D’ailleurs, tandis que le prolétariat couvre le globe de ses chaînons de plus en plus rapprochés, de mieux en mieux soudés, la bourgeoisie perd une part croissante de sa vigueur de coercition… Sa force se réduit à proportion même de la restriction de ses contingents, et nous avons vu que le colonialisme coopère à la dissociation continue qui la travaille et qui l’épuise. Les dirigeants d’Europe, en cas de soulèvement armé du peuple, n’ont plus seulement à compter avec l’attaque des salariés de la métropole, mais avec l’insurrection quasi inévitable des tribus assujetties ; et contraints de diviser les corps de répression, dont ils sont de moins en moins sûrs, ils sentent fléchir leur sérénité, décliner leur certitude du succès.

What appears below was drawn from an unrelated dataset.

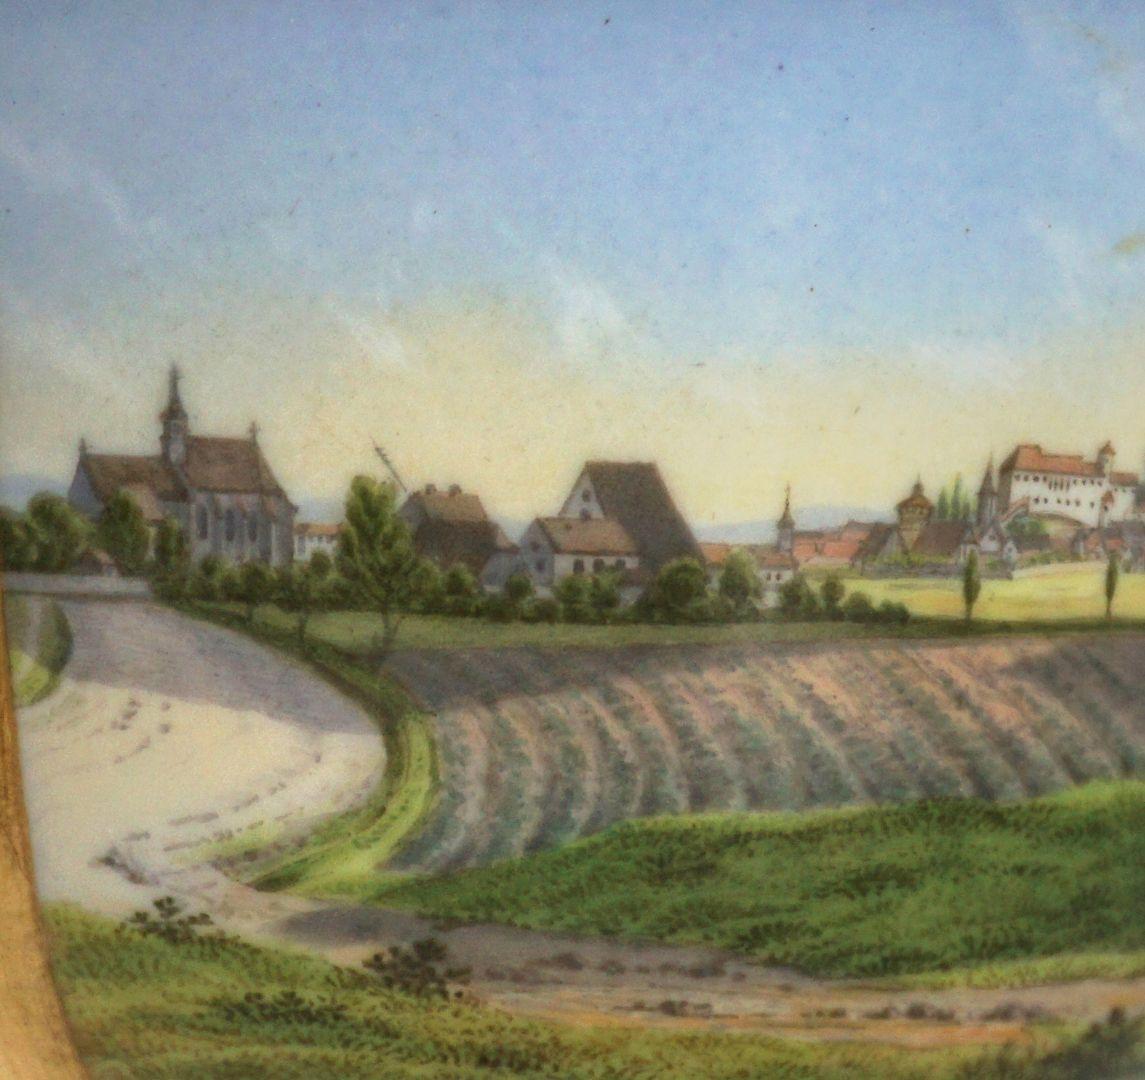 Tasse mit Nürnberg-Ansicht von Südwesten (links, im Westen, die Kirche St. Leonhard) Detailansicht mit St. Leonhard

En dernier lieu, le colonialisme a porté une atteinte redoutable à ce qu’on pourrait appeler la respectabilité apparente de la caste financière, industrielle et commerçante. Celle-ci se croyait encore tenue, sur son terrain primitif d’exploitation, à des ménagements, à de sages réserves. Dans les autres continents, se jugeant soustraite à tout contrôle, elle a étalé impudemment ses tares, exposé ses convoitises, développé ses rapines, et affronté le scandale sous toutes ses formes. Ses expéditions, ses conquêtes, ses créations d’empire ont ainsi encore diminué son prestige moral et surexcité le mépris des masses ; et comme les gouvernements, défenseurs des intérêts capitalistes, ont toléré, encouragé ces hontes et participé à d’effroyables ignominies, ils ont sacrifié les dernières parcelles d’une autorité qui ne se soutenait plus que par le plus singulier des hasards.

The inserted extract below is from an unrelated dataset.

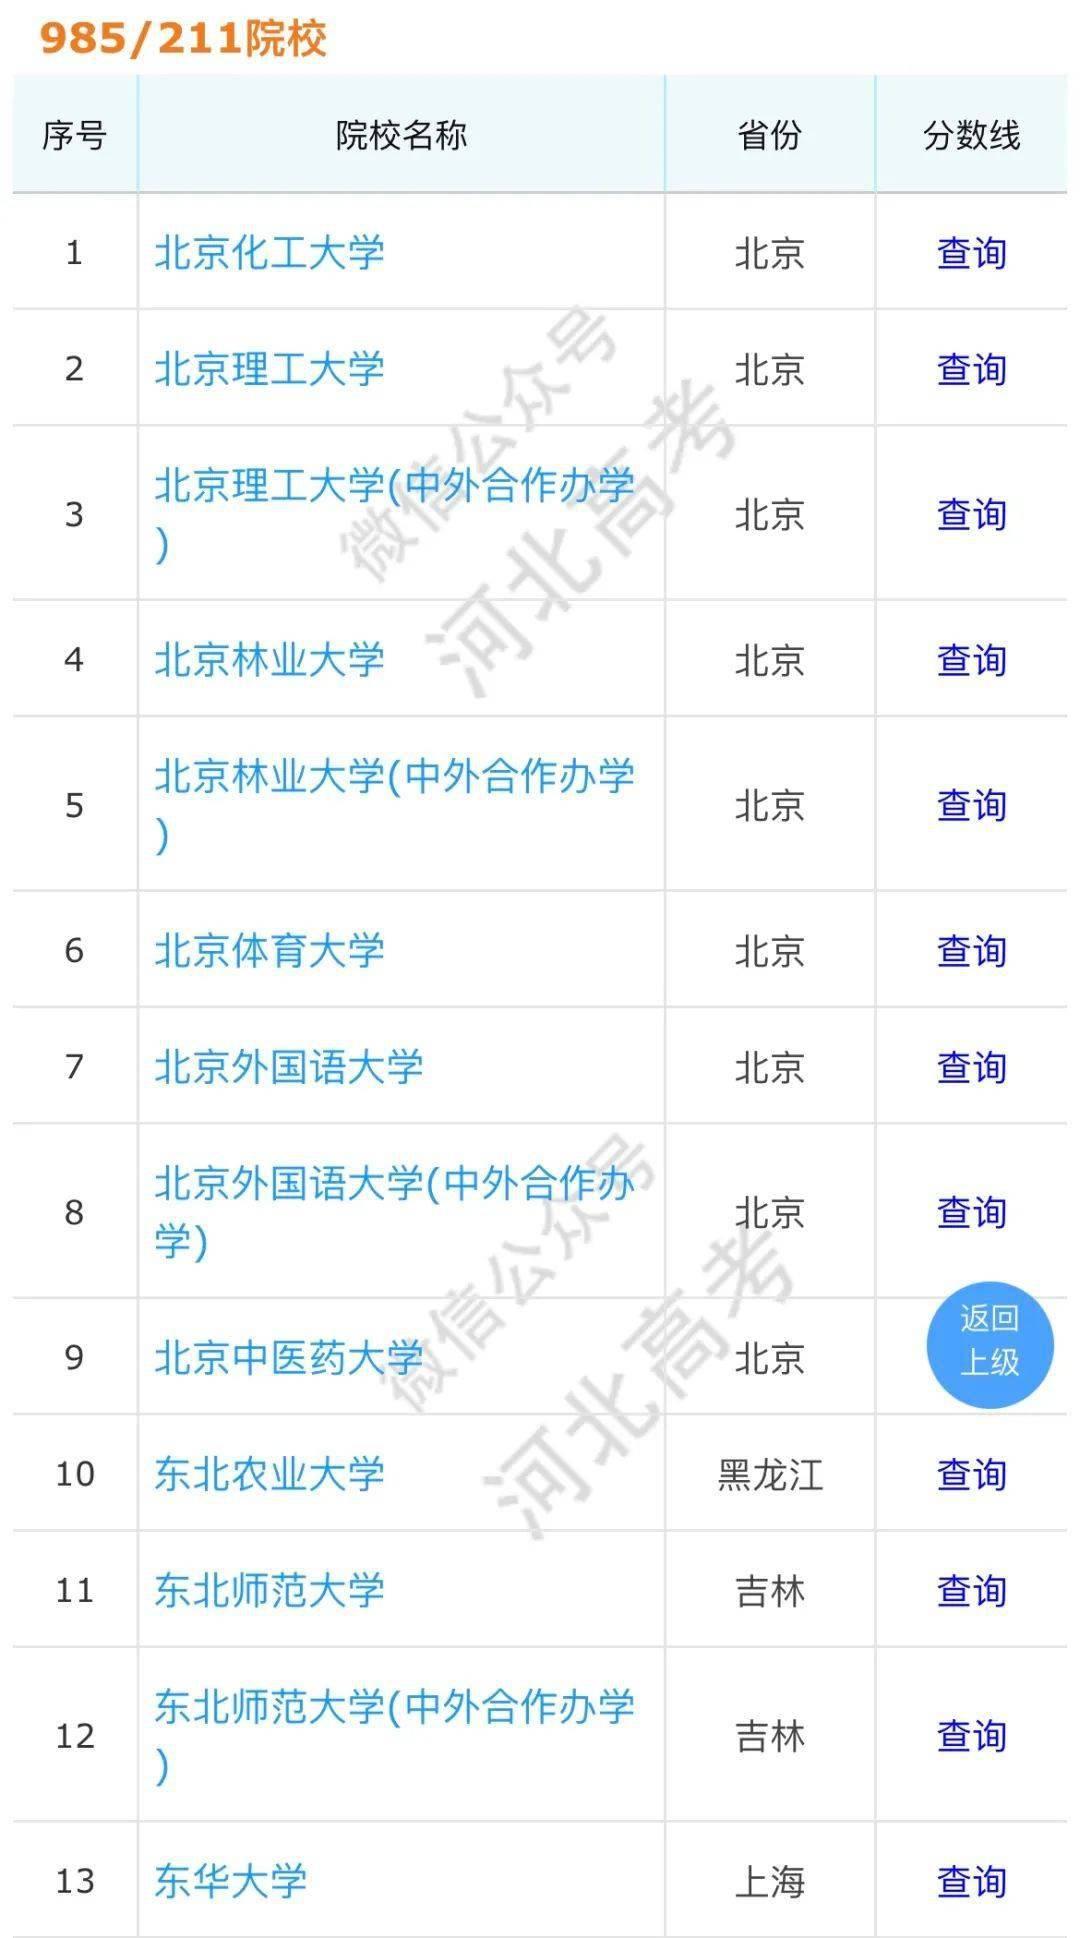 2020河北省高考录取_分数线2020年河北省强基入围线,对比高考统招分数

Le colonialisme a, en somme, alourdi le servage du prolétariat, mais il a en même temps accéléré sa formation et précipité sa libération. Si les ouvriers de France ou d’Angleterre étaient demeurés isolés au milieu d’un monde sommeillant, fossilisé en quelque sorte, jamais ils n’eussent pu, par leurs propres armes, forger une société différente. La bourgeoisie a eu cette délicatesse involontaire de leur donner d’innombrables auxiliaires, et de briser certains des obstacles qui entravaient leurs progrès.

Et si l’on recherche maintenant quelle doit être l’attitude de la classe ouvrière consciente, du socialisme, vis-à-vis de l’expansion coloniale, qui n’a peut-être pas encore achevé son œuvre, on dira qu’elle ressort assez nettement des considérations exposées ci-dessus…

Il n’est pas en notre pouvoir d’arrêter l’élan colonialiste, qui est engendré spontanément par le régime capitaliste ; car si les socialistes étaient assez forts pour rompre cette course aventureuse, si les prolétaires étaient assez organisés pour opposer leur veto à toute entreprise nouvelle, ils conclueraient légitimement qu’ils sont devenus les maîtres de l’État ; et alors leur action, de négative, deviendrait positive ; la résistance céderait la place à l’assaut.

Mais la classe ouvrière ne saurait non plus se laisser prendre au mirage des mots, aux séductions de la phraséologie humanitaire. Elle doit reconnaître qu’il n’y a point de colonisation pacifique, que toute colonisation détermine la violence, la guerre, le sac des villes, la spoliation des tribus, l’asservissement plus ou moins déguisé. Son autorité est assez grande déjà, pour qu’elle marque sa solidarité effective avec les indigènes annexés, en revendiquant pour eux des droits essentiels, des sauvegardes d’existence et de subsistance ; elle profitera de tous les débats, qui s’ouvrent dans une enceinte quelconque, pour flétrir la conquête exotique, l’impérialisme, pour déduire les conséquences logiques de l’expansion capitaliste.

Le colonialisme sera aux mains des prolétaires conscients, s’ils s’attachent à l’étude minutieuse des phénomènes contemporains, un puissant et admirable instrument de propagande. C’est en l’examinant qu’on saisit sur le vif toutes les tares de l’État moderne et qu’on apprécie le cynisme des rapines bourgeoises. C’est en envisageant ses modes de développement, ses effets directs et indirects, qu’on apprend à apprécier la solidarité d’intérêts, qui fond en une masse commune, tous les souffrants, tous les écrasés du monde, en dépit des différences de race, de couleur et de langue.

  1. Voir les numéros 8 et 9-10 de la Bibliothèque socialiste.